Mayra Gonzales
23 Jul, 2018 | Charles Bladon
Photo: Jaime Vargas
A bastion of Bolivian folk music
No doubt anyone who has paid mind to the music on the streets and in the nightclubs of La Paz would notice that the current generation is entranced by the bombastic drums and melodic synths of reggaeton. In all its inescapable glory, reggaeton refuses not to be heard. It dogs the commuter, booming from the maestro’s sound system and forces even unwilling feet to tap to its rhythm. This reggaeton takeover, however, threatens to undermine Bolivian folk music, a guitar-heavy acoustic genre that has dominated the country’s pop culture until recent decades. But Mayra Gonzales, a proud paceña musician, stands by folk, unconvinced of its supposed decline and reassured of its strength.
Gonzales was just seven years old when she started playing piano, while growing up in La Paz’s Sopocachi neighbourhood. But despite this early start, she says, ‘I dropped playing piano because I was concerned with my studies and was really disconnected from music until I was 17 years old.’ It was then that Gonzales joined the paceño blues band Almitra, alongside her brother Daniel Gonzales, before joining Grillo Villegas’s band Llegas as vocalist. ‘It was like school for me, Grillo Villegas taught me a lot about music,’ Gonzales explains. ‘It was the most important time in my career.’ After Villegas moved on to other projects with his career, Gonzales was left to ponder her own musical future. She decided to go solo, and called on Villegas to help produce her first album, Árbol de la vida. Gonzales refers to the album as her ‘first baby’ – a testimony to its importance to her.
Mayra Gonzales, a proud paceña and musician, stands by folk, unconvinced of its supposed decline and reassured of its strength.
With her debut album, Gonzales soon began receiving national and then international acclaim. She accepted an invitation to RockBol USA, a music festival in Washington, DC, showcasing Bolivian talent, in August 2017. Because her backing band couldn’t attend due to lack of funds, Gonzales played alone, adapting her setlist and playing acoustic. While it was an unfortunate circumstance, it showed Gonzales that she could play solo very well, and shortly thereafter she recorded a solo album. ‘I then arranged songs with various artists,’ she says, ‘and that resulted in my second album, Bolivia, piano y voz.’ This year, Gonzales accepted an invitation to be a judge on the musical competition television show Factor X Bolivia, necessitating in a move from La Paz to Santa Cruz – a change that proved controversial to folk-music purists. Despite this, Gonzales says, ‘Since being in Factor X, I have been more in touch with the younger generation who are more in touch with urban and pop music, and I feel like I’ve reached out and inspired taste in folk music.’

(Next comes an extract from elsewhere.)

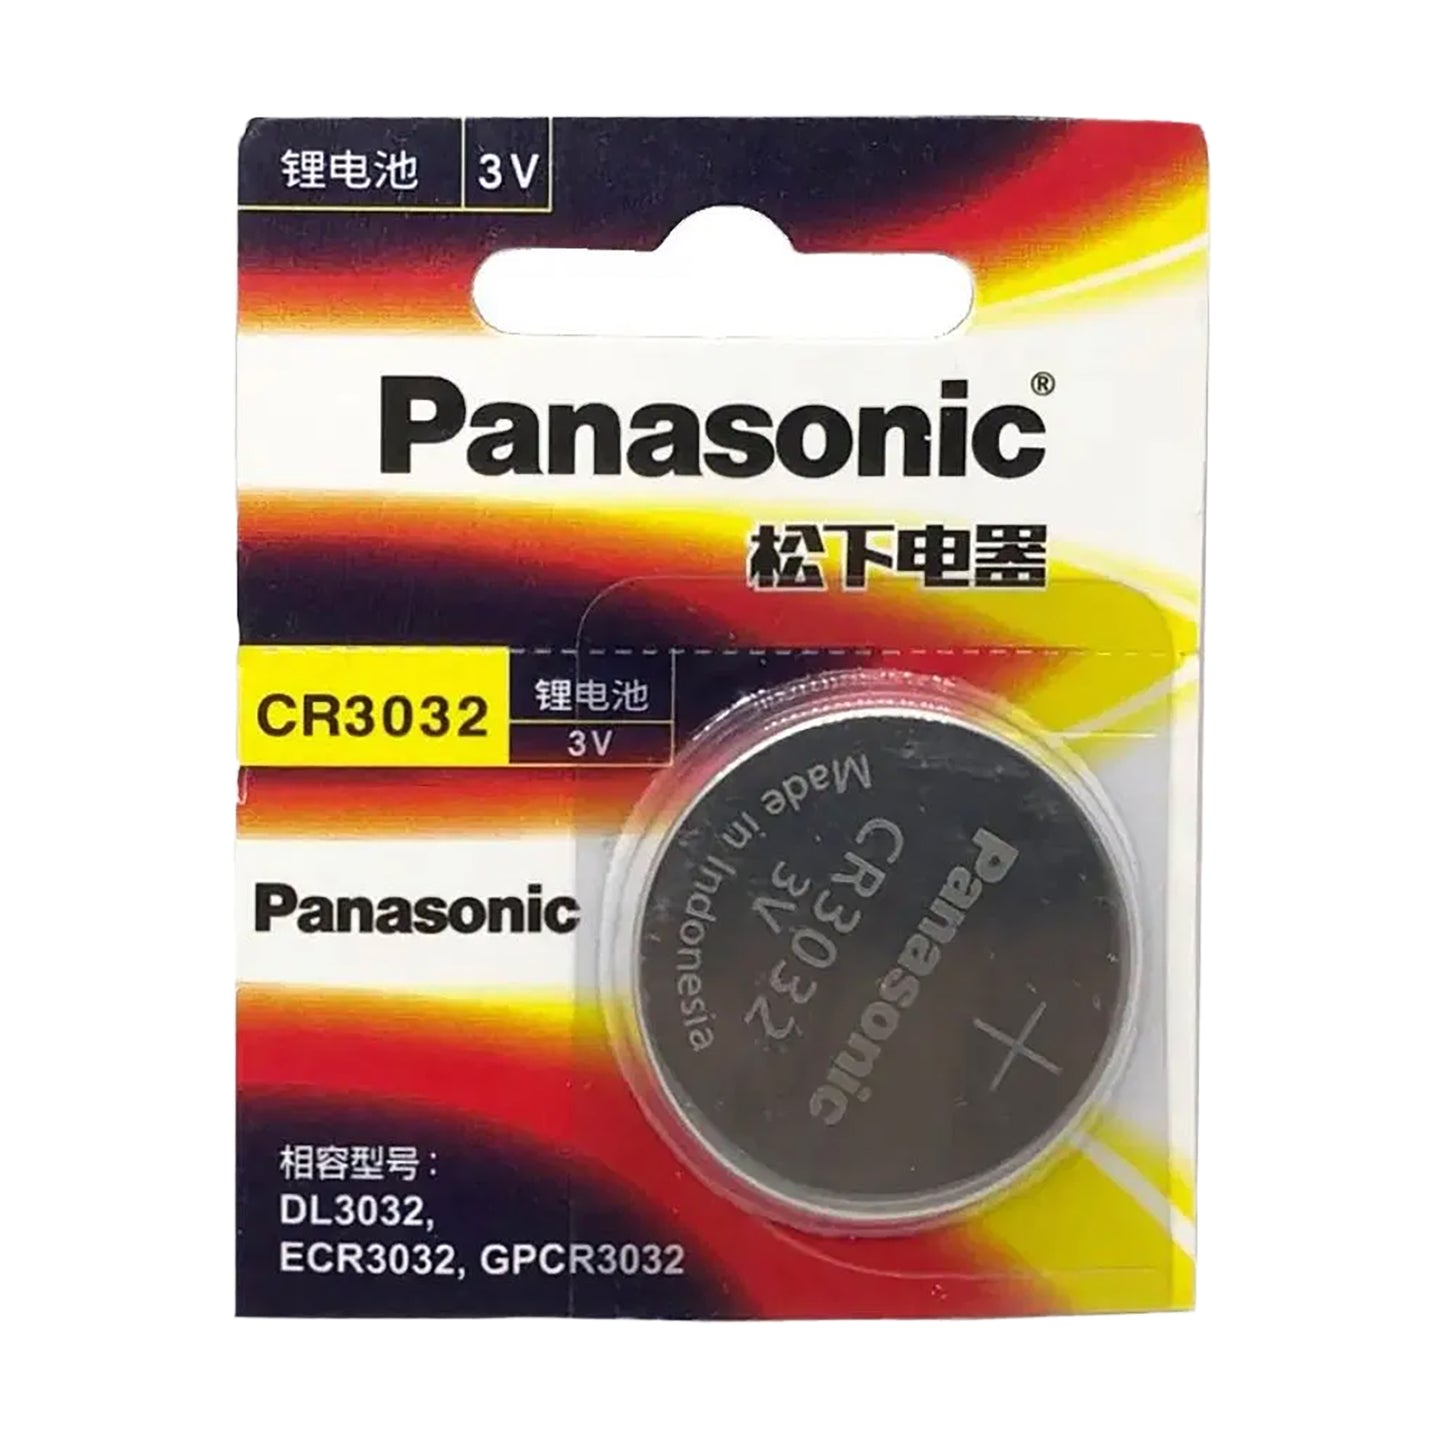 PAN-CR3032-1 - литиевая батарейка Panasonic тип CR3032, напряжение: 3 В (1 шт. в блистере)

But today folk music in Bolivia doesn’t have the universal reach it once had. Despite the strengths of talents such as Matilde Casazola, Willy Claure and César Espada (all of whom had helped in the production of Bolivia, piano y voz, including the classical musician Fernando Román Saavedra), it’s no secret that the youth of today aren’t as engaged with traditional Bolivian music as previous generations. And Gonzales doesn’t see her music as a means to change the trend. ‘You can’t change people. That’s not the objective that I have,’ she explains. Instead of changing entirely to adapt to the palate of the masses, Gonzales aims to to adapt folk music to offer something similar yet true to the genre. ‘I am always looking towards evolving,’ she says, ‘not moving over to the mainstream.’
This is very much the stance Gonzales takes in the production of her new album, which she’s currently working on with help from producer Dorian Mendez. Gonzales says that her taste in music is ever changing, and she’s been working in phases and switching between various genres, ranging from soul and R&B to electronic music. Gonzales confesses, ‘I wasn’t sure whether I liked folk, but it was just very natural to me.’ But, she concludes, she’s ‘not going to be a purist,’ and her music reflects her different tastes – which her new album will showcase. By staying loyal to her folk roots but adapting to the modern musical landscape, Gonzales can help folk music rediscover its footing in Bolivia.
‘I am always look towards evolving, not moving over to the mainstream.’
—Mayra Gonzales
‘We need folk – it’s our culture, it’s who we are. If we lose this, then we lose who we are,’ Gonzales says. And with the changing times, the key to folk music’s survival is its adaptability. This is something that Gonzales is aiming towards and something that we can look forward to with the release of her forthcoming album.